From Inspiration to Action
When we were still dreaming up lakeFS, one of the projects that inspired us was DVC (Data Version Control). It was one of those moments when you realize – “Ah, others see it too.” We weren’t alone in believing that data should be managed like code.
DVC was built by data scientists for data scientists, solving a real pain: how to bring reproducibility and collaboration to data and model experiments. At the same time, we were approaching the problem from a different angle – from the world of big data systems and large-scale algorithms. Where DVC was empowering individuals and small teams, lakeFS was designed for massive data infrastructure and enterprise-scale workflows.
From the beginning, our projects were different – but our visions were deeply aligned.
Over time, I got to know Dmitry and Ivan, the founders of Iterative.ai. We had so many energizing conversations about how the data ecosystem was evolving. Every chat felt like a mini brainstorming session – two teams with different lenses, both trying to make data more reproducible, reliable, and accessible.
In 2024, Dmitry and Ivan started exploring an exciting new direction for Iterative, centered around unstructured data analytics and processing, which led to the creation of the DataChain.
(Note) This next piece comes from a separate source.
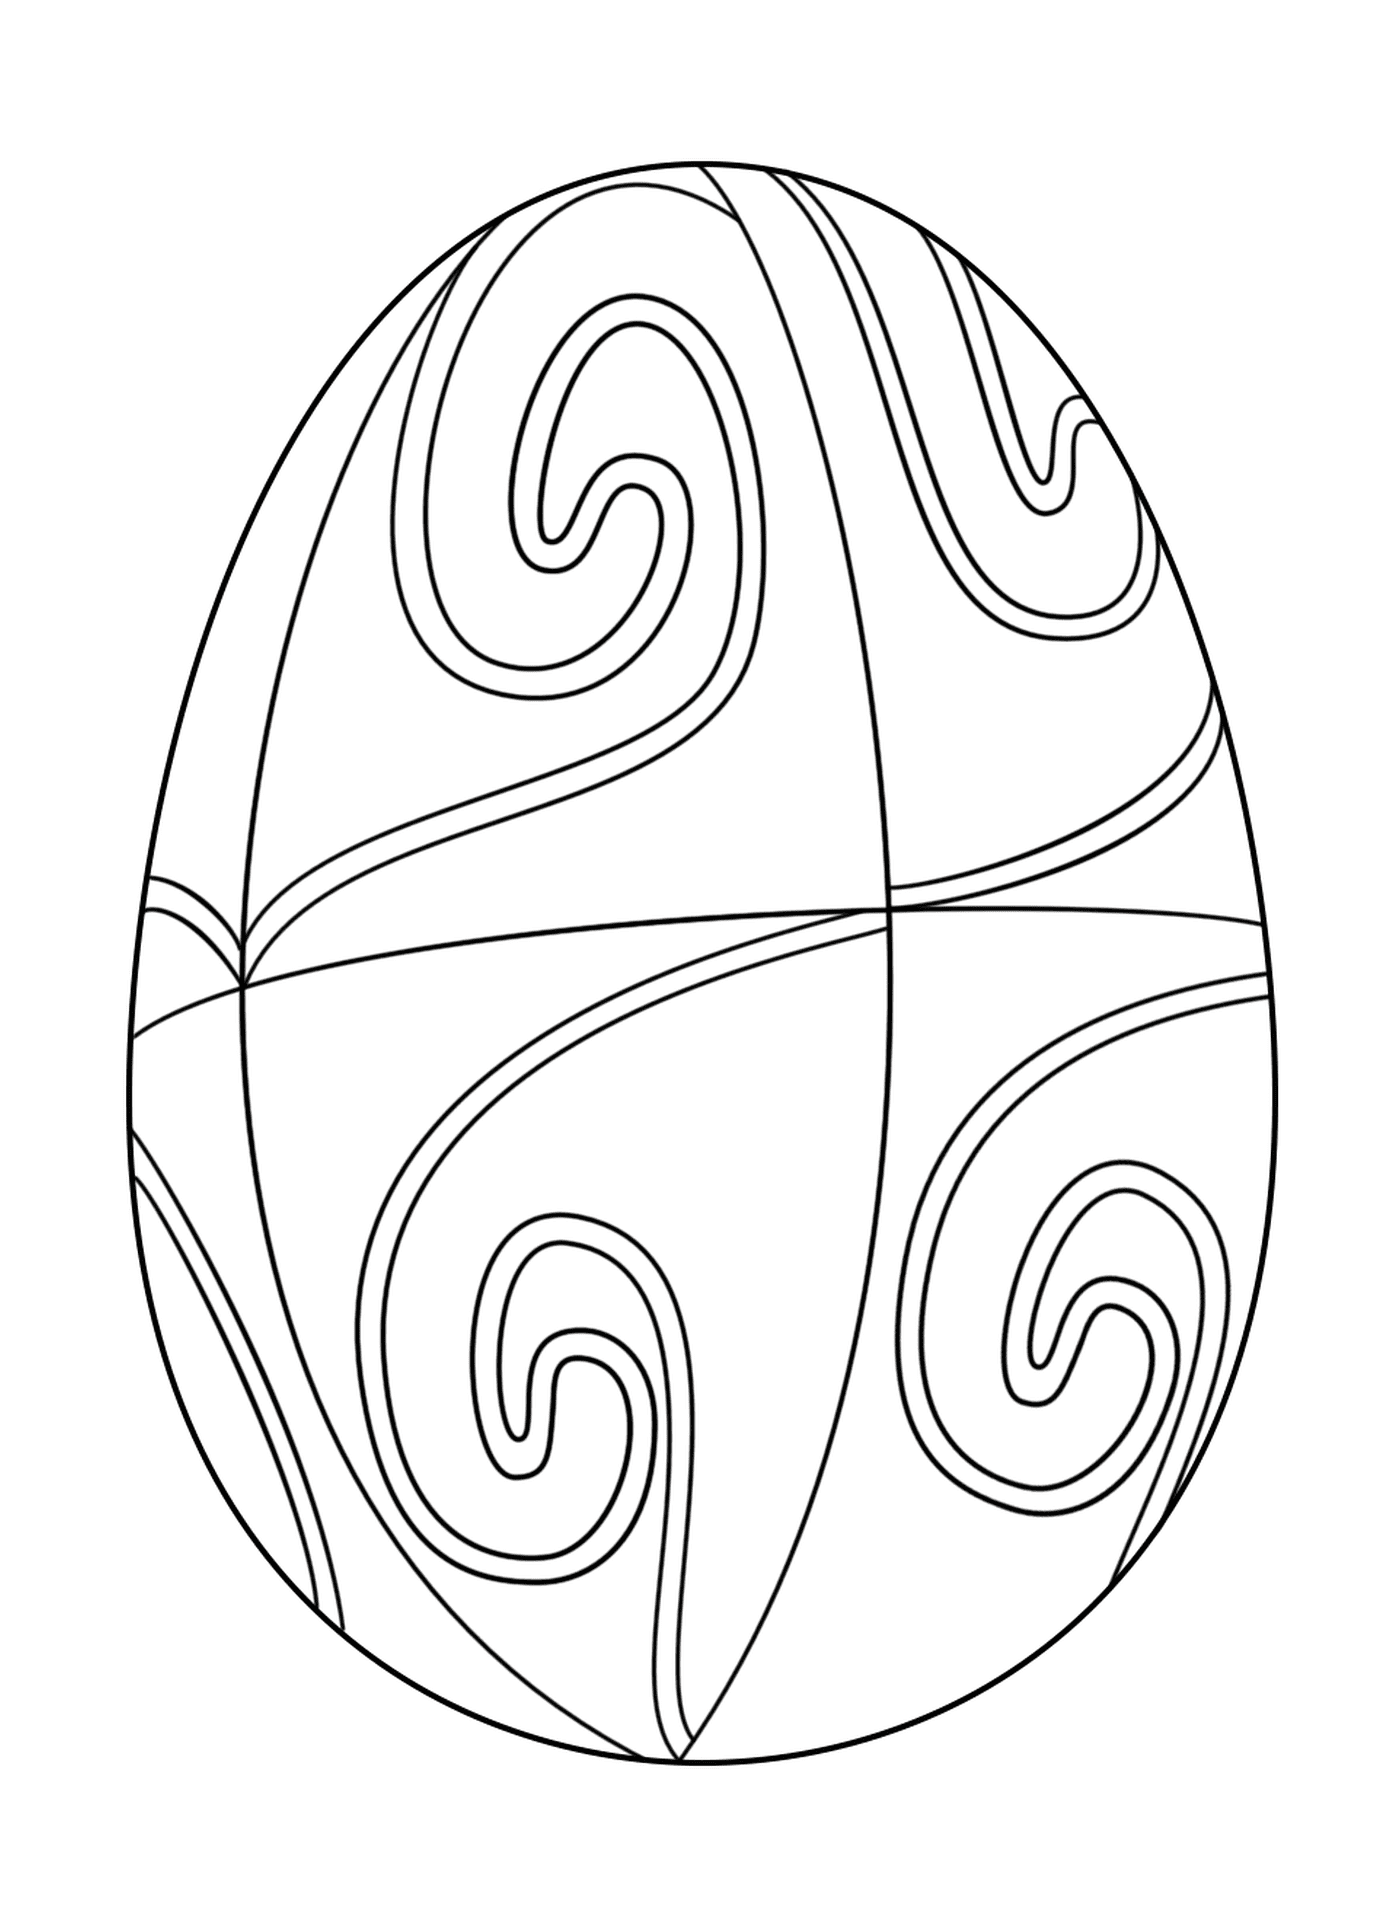   Oeuf de Pâques avecun motif en spirale

As their focus shifted, maintaining DVC became less central to their roadmap. When we talked about it, something clicked.
At lakeFS, we see data version control as foundational – the bedrock of any data architecture that aims to be trustworthy, scalable, and ready for AI. So, when the opportunity arose to take DVC under our wing, the decision felt natural. We knew we wanted to keep DVC thriving and ensure the community around it continues to grow and innovate.
Today, I’m thrilled to share that lakeFS has acquired DVC.
Two Sides of the Same Coin
This partnership feels almost inevitable. DVC and lakeFS have always complemented each other beautifully.
DVC is perfect for small teams and individual data scientists – it’s lightweight, flexible, and powerful for experimentation and research. It helps people organize, version, and reproduce their work in a simple, elegant way.
lakeFS, on the other hand, is all about scale and resilience. It brings those same principles – versioning, branching, reproducibility – to petabyte-scale datasets and enterprise AI infrastructure. By bringing DVC and lakeFS together, we’re able to serve the entire spectrum of data teams – from the first data scientist exploring model ideas to the largest enterprises running mission-critical AI pipelines. Under one roof, the story becomes complete: a seamless path from small data to big data, from exploration to production.
Bringing Communities Together
What excites me most about this acquisition isn’t just the technology – it’s the communities behind it.
The DVC community is full of incredibly creative data scientists who have been experimenting, innovating, and sharing ideas for years. They’ve pioneered ways of thinking about data versioning and reproducibility that have influenced so many in the field.
The lakeFS community is made up of engineers and platform teams operating at scale – people building the foundations for enterprise AI, compliance, and reliability.
Now, we get to bring these two vibrant, complementary communities together.
I can’t wait to see what happens when DVC users – who know how to move fast, explore, and experiment – connect with lakeFS users, who know how to scale, secure, and operationalize data. There’s so much each side can learn from the other.
DVC users can inspire enterprise teams to think more creatively about flexibility and iteration, while lakeFS users can share hard-won lessons about scaling data practices without losing control or governance.
Together, they’ll shape the next chapter of data version control – not as separate projects, but as a unified movement.
A Natural Growth Path for the Future
As more organizations embrace AI, they’re realizing that data version control isn’t optional – it’s essential. Without it, it’s impossible to reproduce experiments, trust results, or manage data responsibly at scale.
We’ve seen many teams begin their journey with DVC. It’s the perfect starting point for exploratory work – lightweight, intuitive, and ideal for early-stage machine learning projects. But as these projects grow, the data grows with them. The need for scalability, compliance, and reliability soon follows.
That’s where lakeFS comes in.
With DVC and lakeFS together, teams now have a natural growth path:
- Start small, learn the principles of data versioning with DVC.
- Then, when your datasets reach terabytes and petabytes, and your workflows demand enterprise-grade capabilities – move to lakeFS without losing the foundation you’ve built.
It’s a continuum, from the first commit on a local laptop to full-scale AI infrastructure in the cloud.
Looking Ahead
This acquisition is a celebration of shared purpose. DVC and lakeFS were born from the same idea, shaped in different environments, and now reunited to continue that mission together.
I want to thank Dmitry, Ivan, and the entire Iterative.ai team for their incredible work and vision. DVC has empowered thousands of data scientists around the world, and we’re honored to carry that torch forward.
To the DVC community: we’re here to support you, listen to you, and keep the project thriving.
To the lakeFS community: get ready to meet some amazing new collaborators.
This is a moment of convergence—and celebration. The future of data version control is brighter than ever.